This new school year, the families of Guam's 4,424 Catholic school students will fork out an extra $12 monthly fee per student to help pay for the debts left behind by a closed college preparatory school and the financial problems caused by another school – but it shouldn't be that way, said an official with Concerned Catholics of Guam.

Each student will also be assessed a $25 fee for an administrative office for the 14 Catholic schools.

A closed school left behind $2.4 million worth of debts plus payables of about $60,000, and the obligations were assumed by the archdiocese, said David J. Sablan, president of Concerned Catholics. The other school, which fell behind in paying its past-due accounts, owes approximately $180,000, he said.

"The debts should be assumed by the Archdiocese of Agana, which then should find other ways and means" to pay the debts, Sablan said.

He didn't name the school, but St. Thomas Aquinas was a Catholic college preparatory school that closed in recent years in Guam.

'Freeloaders' living at former hotel

To spare Catholic students from the extra cost, the archdiocese can also charge rent to people who live as "freeloaders" in a prime church property – the former oceanview Hotel Accion in Yona, Sablan said.

The former hotel, which the archdiocese is trying to sell, and which was previously valued at around $40 million, houses more than 30 seminarians from all over the world, according to Sablan.

"There are seminarians there from other countries all wanting to be ordained as presbyters for the Neocatechumenal Way," Sablan said. "Additionally, there are priests staying there who are NCW presbyters, not doing anything for our archdiocese; yet we probably are paying their monthly stipends as required by Church law."

"And there are people from other countries living there rent-free," Sablan said. "There is a term we use to define such individuals: freeloaders."

The Neocatechumenal Way seminary began occupying the former hotel under the leadership of now-suspended Archbishop Anthony Apuron, who is facing child sex-abuse cases before a Vatican tribunal and in the federal court in Guam.

Until that property is sold to cover claims of sexual abuse by members of the clergy, including Apuron, Sablan said charging rent to the occupants of the former hotel should be done instead of making students pay more to attend Catholic schools.

Sablan was responding to a policy approved last month by Father Jeffrey San Nicolas, delegate general of Coadjutor Archbishop Michael Byrnes, announcing the new fees.

San Nicolas noted that the indebtedness is a "regrettable situation" and the church is seeking the support of the island's 14 Catholic schools to "help pull us through this difficult time."

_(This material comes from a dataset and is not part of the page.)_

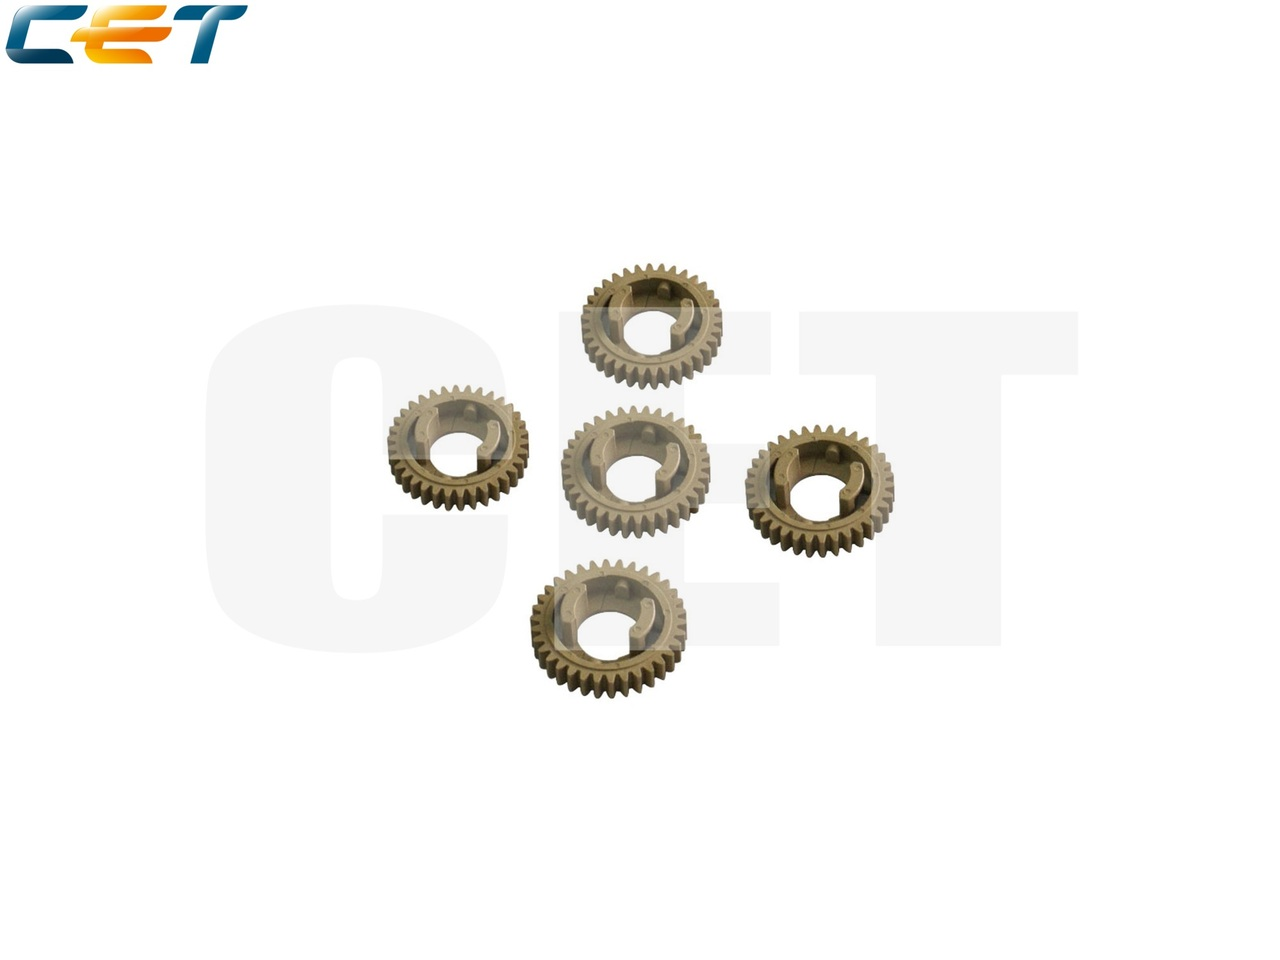 Шестерня привода тефлонового вала для BROTHERHL-5240/5250, DCP-8060 (CET), CET3557

Sablan said, "the wrongs and debts of the past must be assumed by all of us in the archdiocese, not our schoolchildren."

San Nicolas indicated that the amount of the school assessment will be reevaluated annually.

'Pay up for all the problems'

Sablan suggested the priests and deacons teach courses and part of their salaries go toward helping retire the debts; reducing salaries for Chancery staff; and getting Apuron, Monsignor David Quitugua, and Father Adrian Cristobal to "pay up for all the problems they caused" the archdiocese when they were in charge of the Chancery.

"Good leaders sacrifice for their congregation," Sablan said.